The National Ministry of Finance and Economic Planning has organized training for internal auditors from both national and state institutional levels.
The three-week long training is aimed at detecting financial malpractices and also strengthening the public financial management reforms.
“We have challenges but we are working to avoid those challenges, auditing is not bad, auditing is not going to catch you but to teach you how to do it better, When there is an auditor around do not fear, audit tell us to follow the right procedures,” Ocum Genes Karlo, the First Undersecretary in the national ministry of finance told journalists during the opening of the training in Juba on Monday.
“When we talk of public financial management reform, it means we have the law but during the process we deviated away, there is procurement, strengthening of finance, cash management and treasury single account,” he disclosed.
Maluak John Garang, the director of internal audit at the national ministry of finance said the training will improve transparency and accountability in public financial management.

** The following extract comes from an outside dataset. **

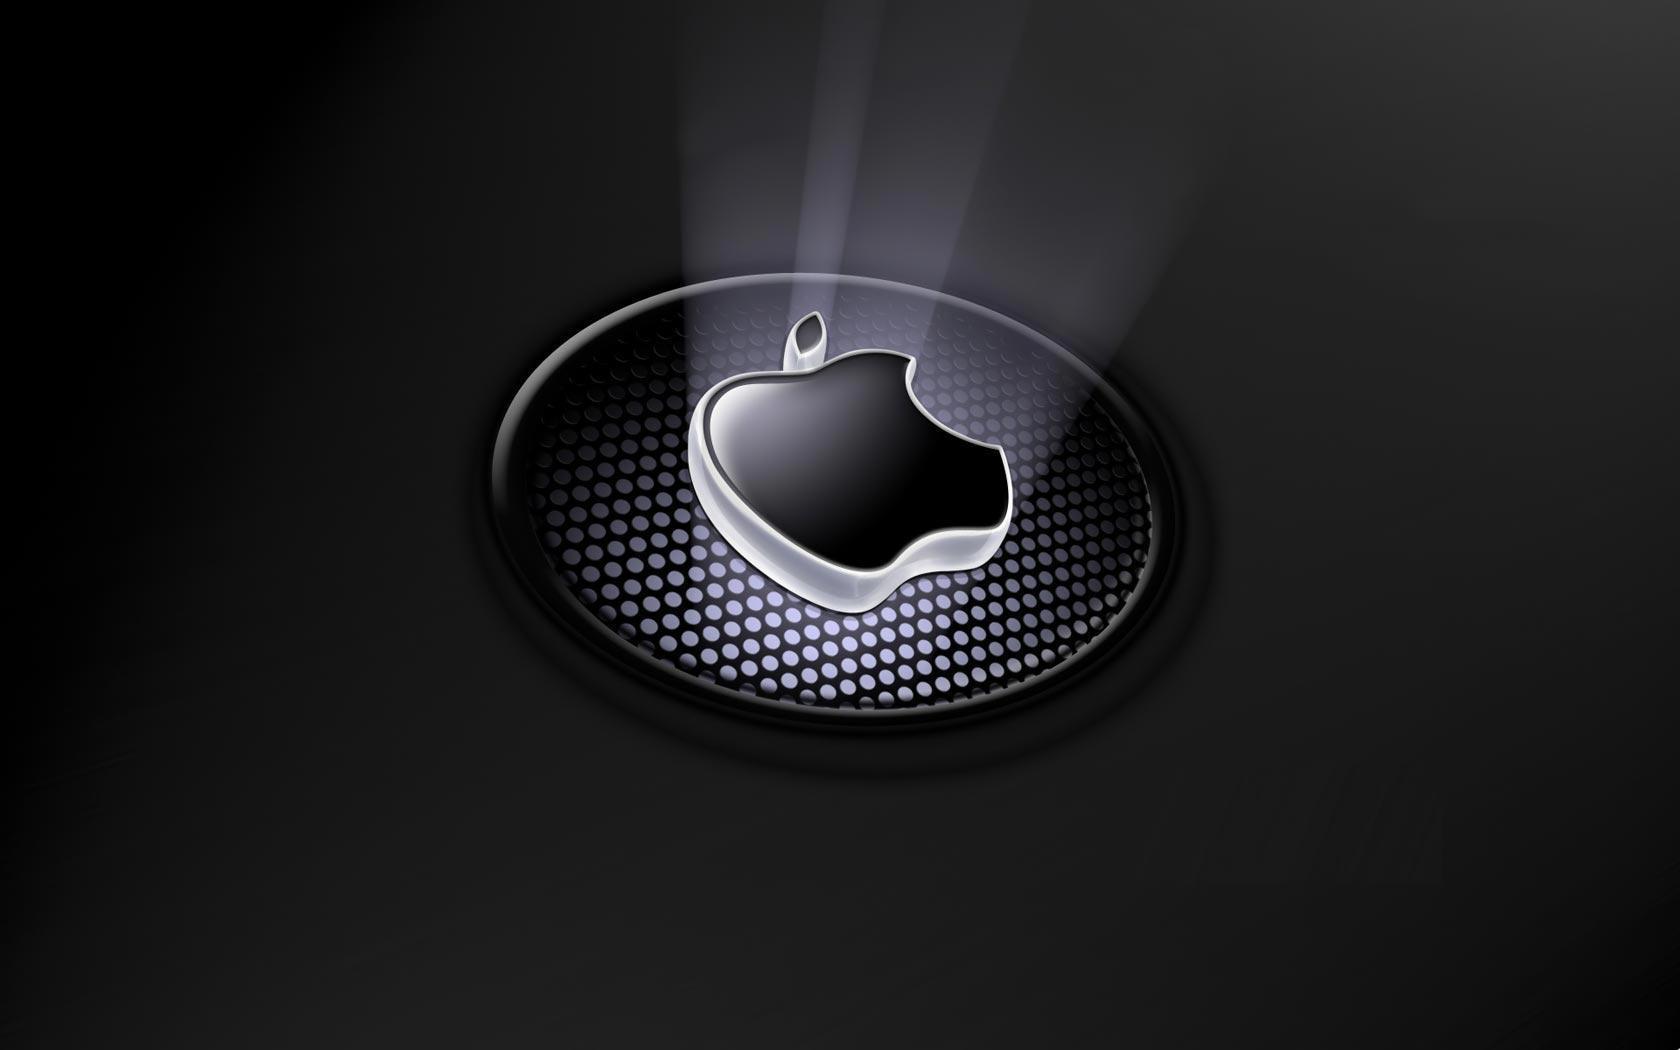 Best Apple Logo Wallpaper Free Best Apple Logo
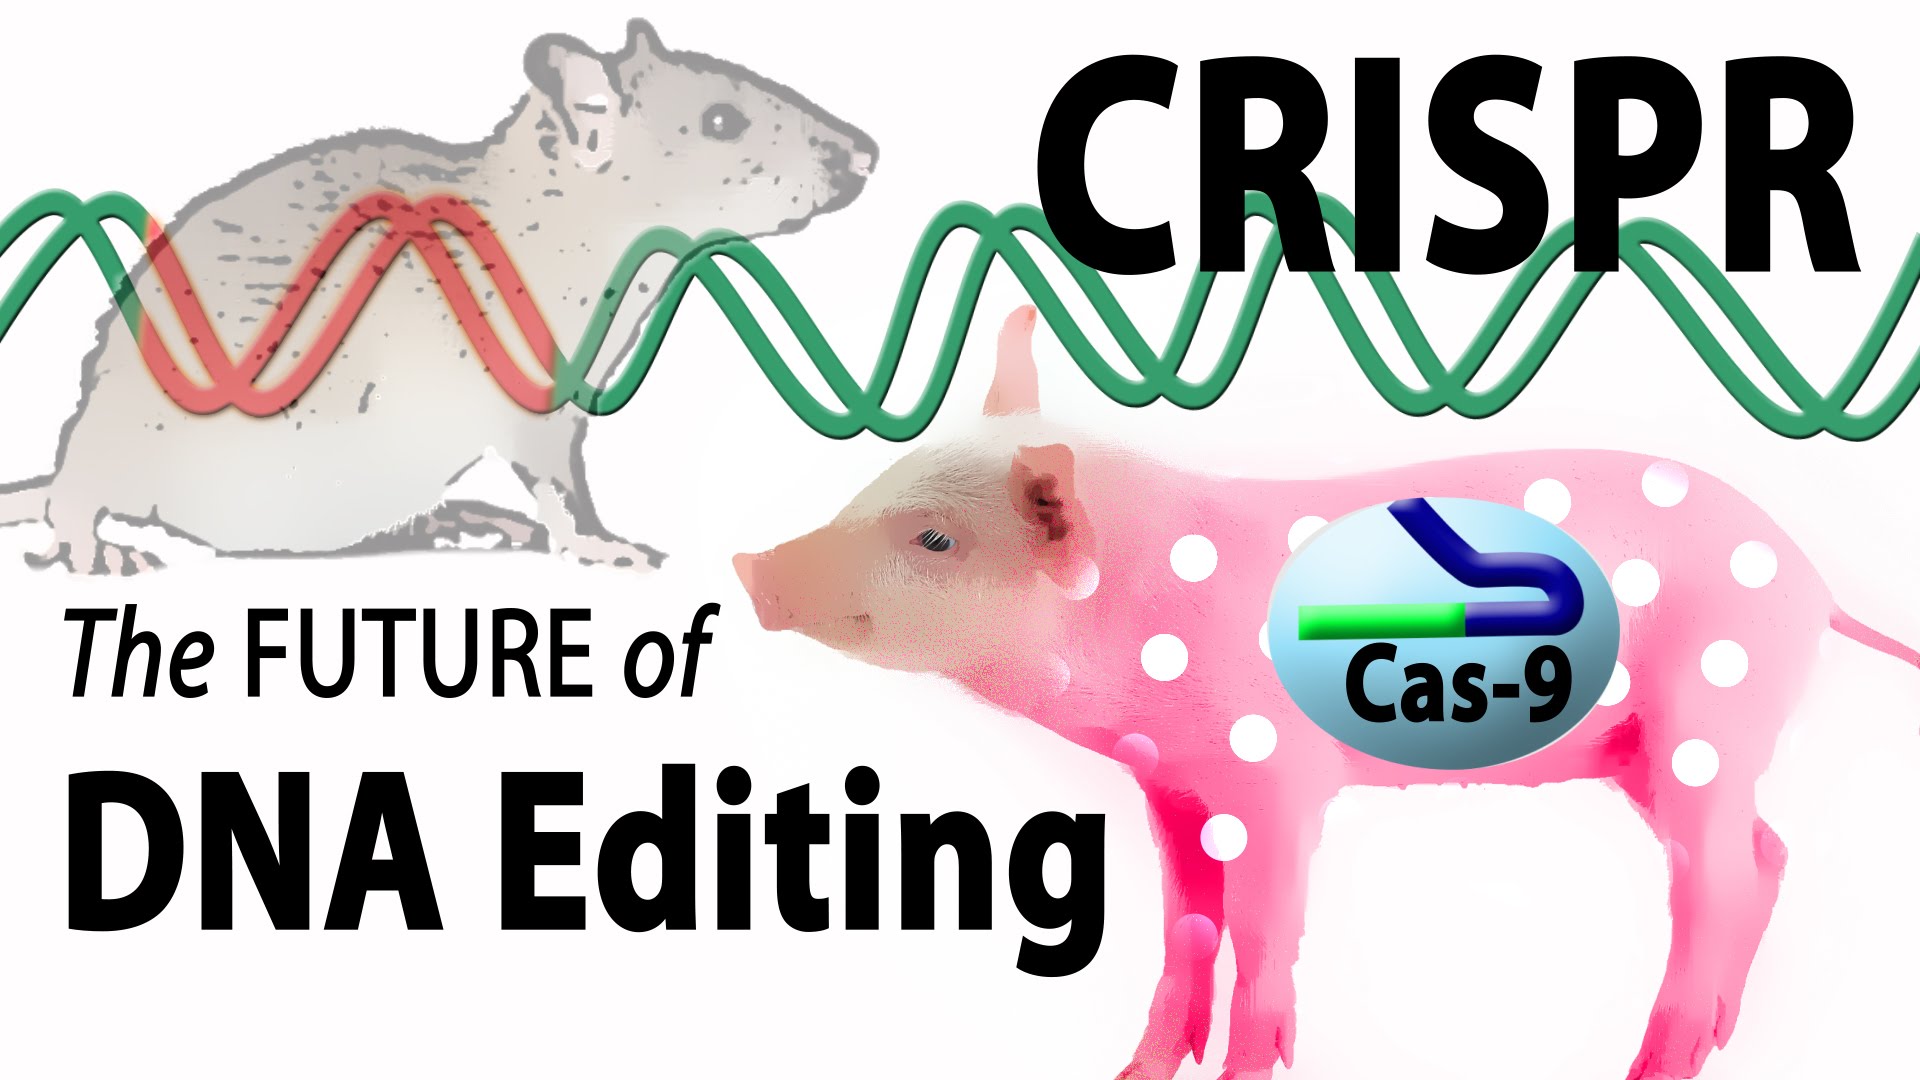 کریسپر, crispr, مقاله کریسپر, کریسپر+pdf, کریسپر در ایران, کریسپر به زبان ساده, کریسپر کاس, روش crispr, سیستم crispr, ویرایش ژنوم, CRISPR، crispr چیست؟, pre-crRNA,  spacer، تکنیک کریسپر, روش crispr , ساختار ژنی کریسپر, سیستم CRISPR/Cas , سیستم ویرایش ژنومی کریسپر/Cas , فناوری کریسپر , کریسپر, کریسپر pdf ,کریسپر چیست؟ , کریسپر+ppt, کمپلکس Cas, مکانیسم کریسپر,نقش سیستم کریسپر/Casدر باکتری , فرایند کریسپر کَس ۹ چیست, عملکرد کریسپرـ کَس ۹, آینده کریسپرـ کَس ۹, ویرایش ژنی کریسپر, تکنیک ژنی کریسپر, CRISPR 2.0, اصلاح ژن "کریسپر" , بدون استفاده از قیچی, دستاورد مهم کریسپر , در مسیر درمان بیماری‌ها,

“While implementing the PFM reform, the forefront liner in implementation is always the internal audit, internal auditors are supposed to be fully equipped with processes, with capacity on how to deter unprecedented procedures,” Garang said.
Julia Akeer Duany, the Undersecretary for the national ministry of public service and human resource development said that proper management of resources will help minimize the effects of the current economic hardship.
“Once you have mobilized resources, what comes is the management of those resources and this is where we have a challenge, some people take public resources and nobody asks them, if you are not managing resources well then we have a crisis,” Duany said.